Some time ago I posted an article comparing the performance of older Esri SDKs (ArcObjects: .NET, C++) with newer ones (Pro, Enterprise, Runtime: .NET).  The Pro and Exterprise SDKs barely performed better than their ArcObjects .NET counterparts: instead of being re-engineered from scratch, they obviously leveraged the older ArcObjects technology, and were bogged down by the same COM interop performance issues.  Runtime, on the other hand, proved to be a true innovation and far outperformed any of the other SDKs.

As a fun exercise, I decided to compare the three flavors of Runtime 100.12 available for Windows desktop (.NET, Java, Qt).  Again, I used the same purely computational benchmark: creating convex hulls for 100,000 random polygons.  I built all three examples as standalone console applications (release builds), and executed them outside of their respective IDEs.  I ran each benchmark five times, and picked the best time for each.
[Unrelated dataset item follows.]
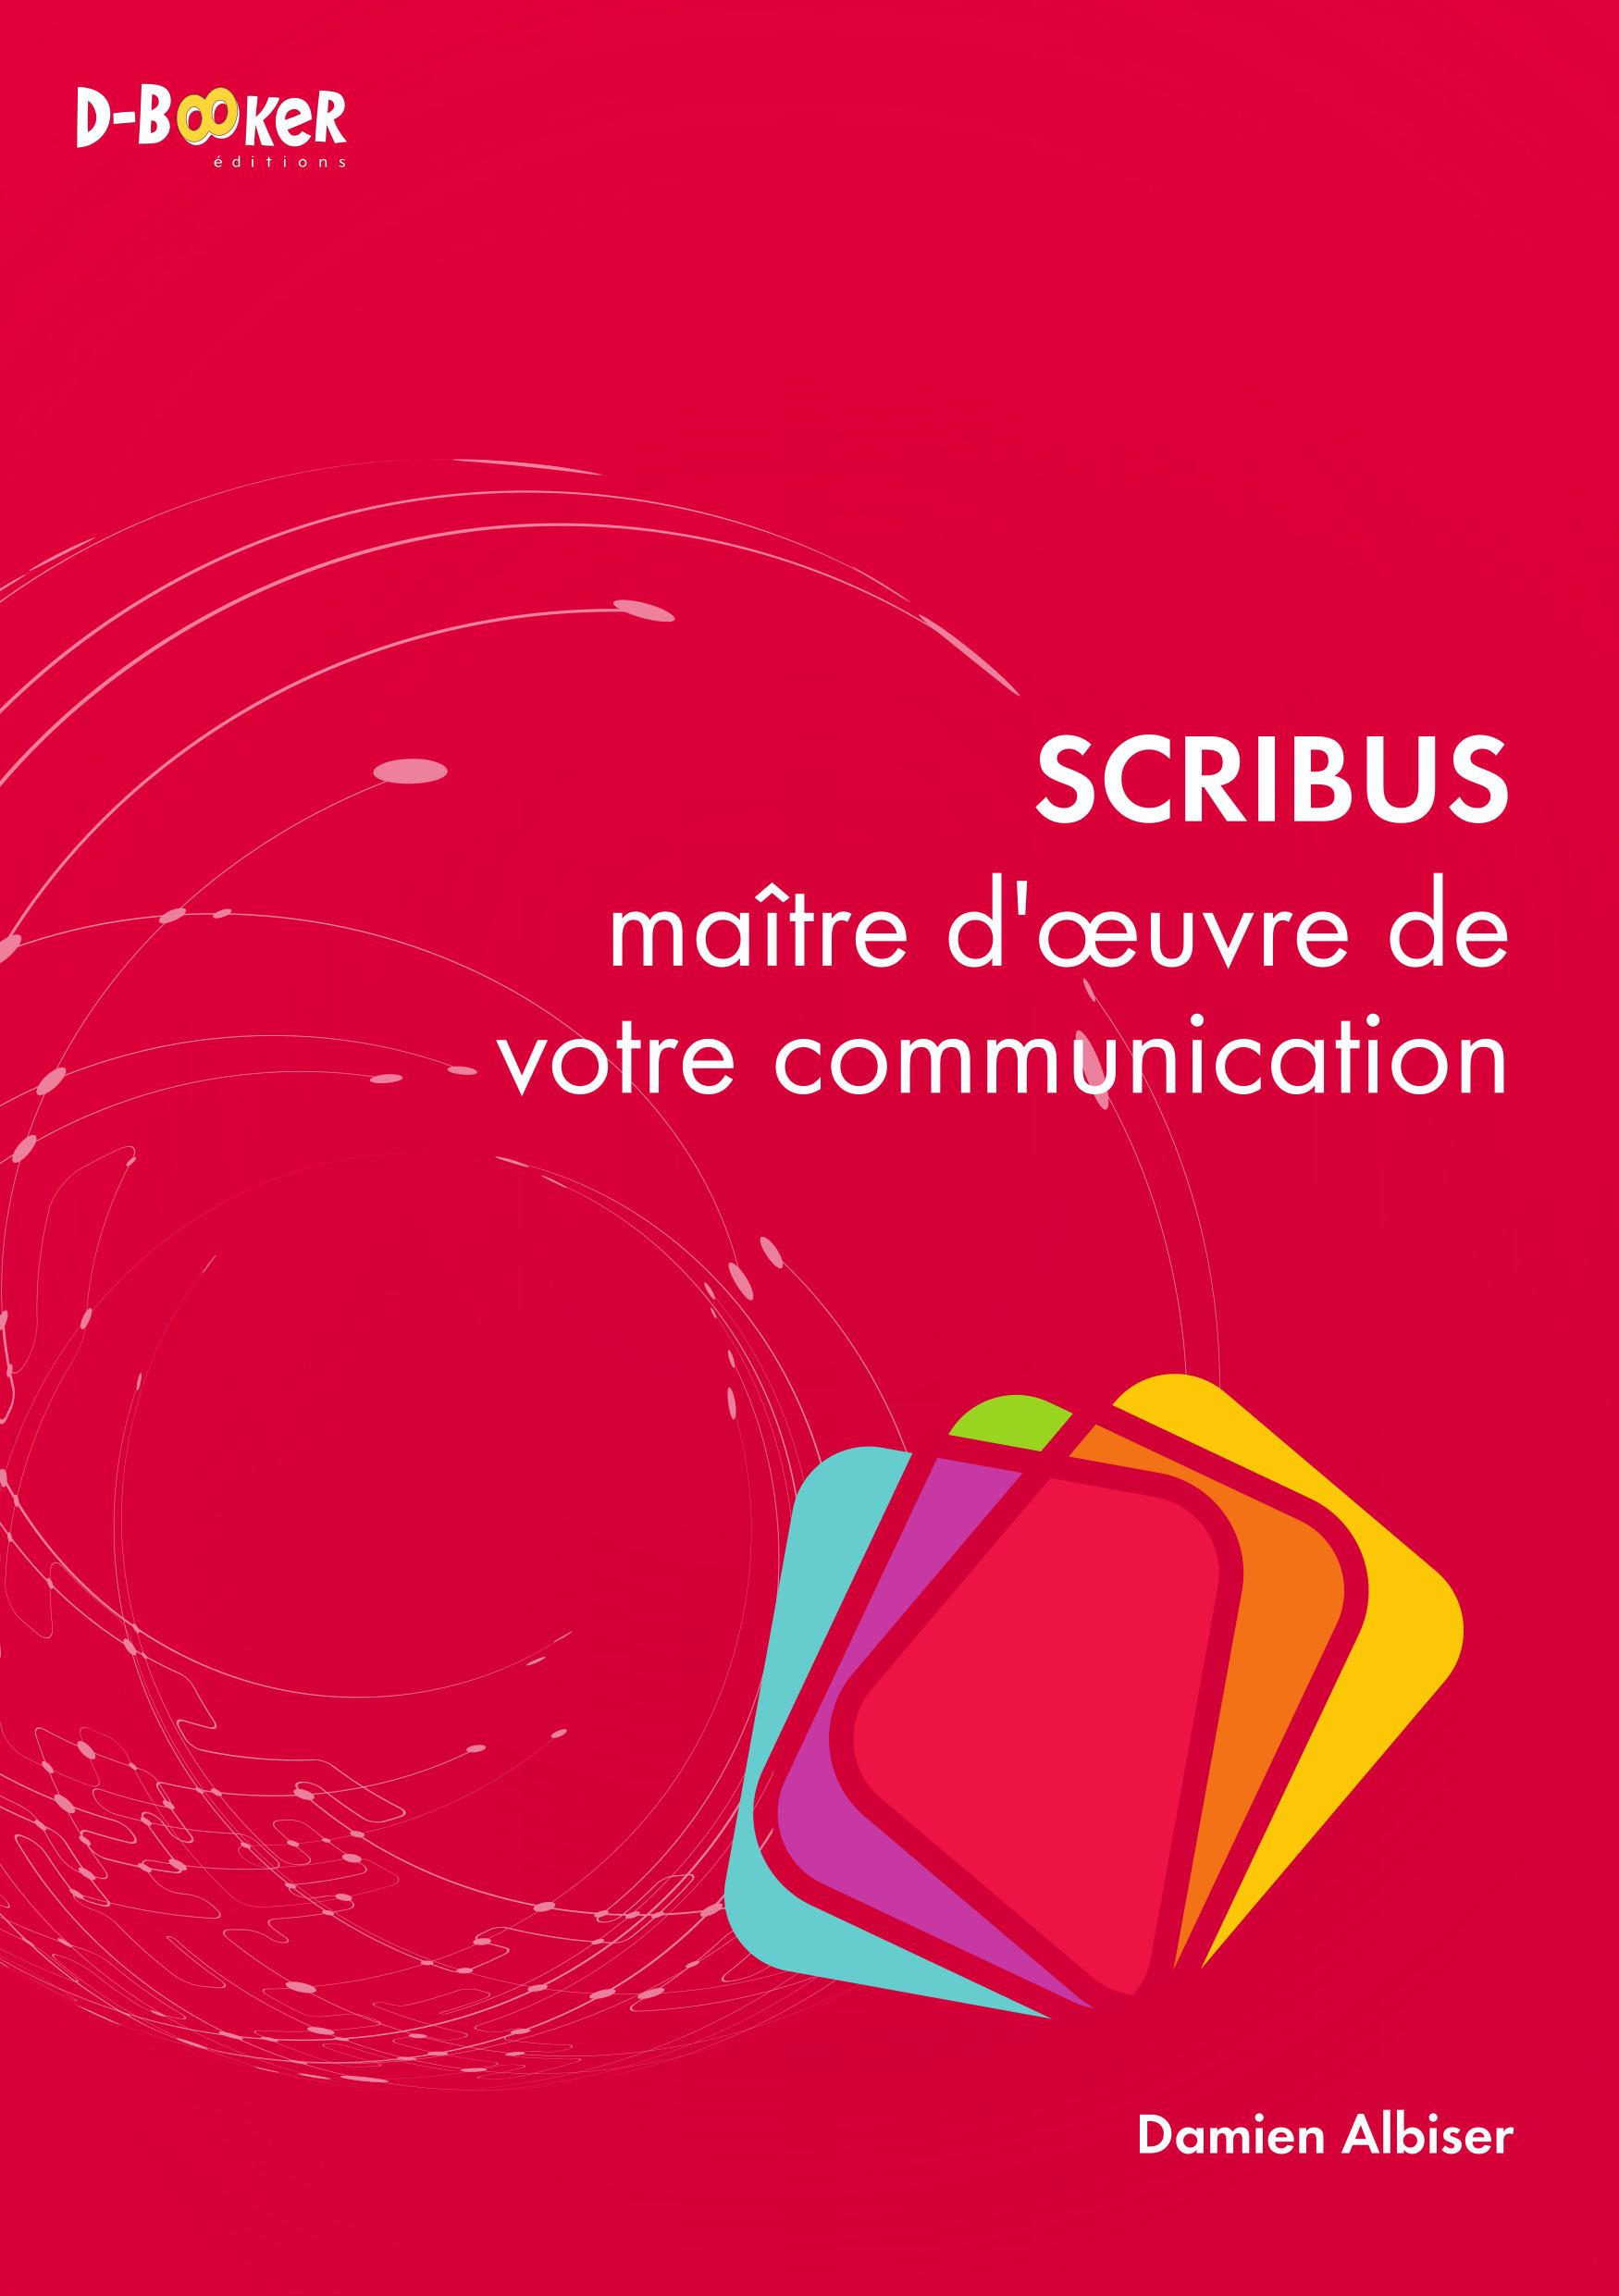 Scribus : maître d'oeuvre de votre communication

Here's the benchmark comparison:

Runtime SDKExecution time (seconds)
.NET16
Java19
Qt (C++)33

 

And here's the normalized performance index:

Runtime_Performance.png

I expected .NET and Java to be pretty much neck-and-neck, since no COM interop is involved in the benchmark (COM interop perfomance is much worse in Java than .NET).  Qt was a bit of a surprise; although, I've dabbled with Runtime for Qt in the past, and noticed that fine-grained code seems not to be as fast as it could be.  While C++ is my favorite programming language, and I admire Qt's "write once, deploy many" approach, it's obvious that the framework carries some baggage.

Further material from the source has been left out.